As part of President Barack Obama's relatively mild National Security Administration surveillance reforms (written about earlier today here, here, and here), he proposed taking the bulk metadata information storage out of the hands of the NSA to avoid giving the government unfettered access and putting it into the hands of third-party companies, possibly telecoms. This would then require the NSA to request metadata, adding another gatekeeper to avoid abuse of the system.
One problem. Why would telecoms agree to do this, given how upset Americans have become over these revelations? As The Washington Post notes, they do not want to serve as the NSA's storage service:
Telecommunications firms said they were pleased about limits to the collection of bulk metadata, but said they have unanswered questions on details of reforms, particularly on changes to the phones records database. The database, Obama said, would be removed from government control to a third party. Phone companies don't want to have the responsibility of keeping the database, they said.

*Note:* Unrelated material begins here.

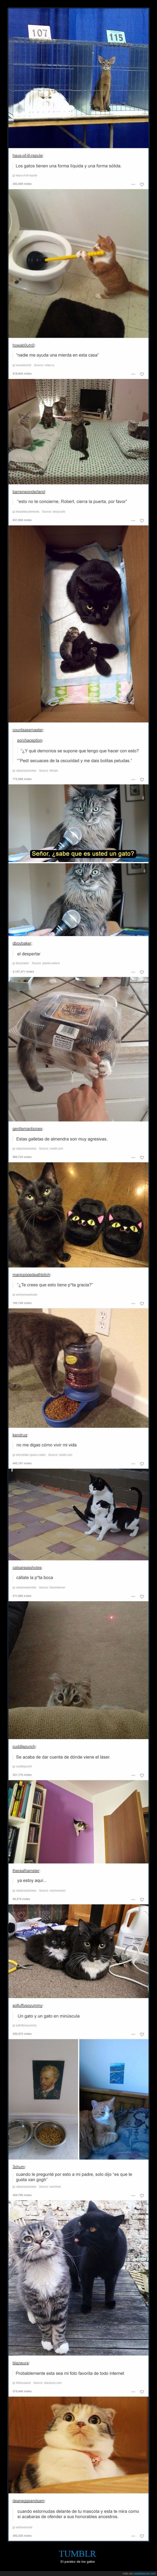 fotos divertidas,gatos,tumblr

In a statement after the speech, the wireless industry's biggest lobbying group, CTIA-The Wireless Association, stressed that it believes privacy and security "can be achieved without the imposition of data retention mandates that obligate carriers to keep customer information any longer than necessary for legitimate business purposes."
Read the full story here. Some tech firm representatives are upset that the bulk collection is going to continue at all without any sort of warrant. Furthermore, one industry representative noted that the president said nothing about allegations that the NSA was involved in the subversion of industry encryption standards.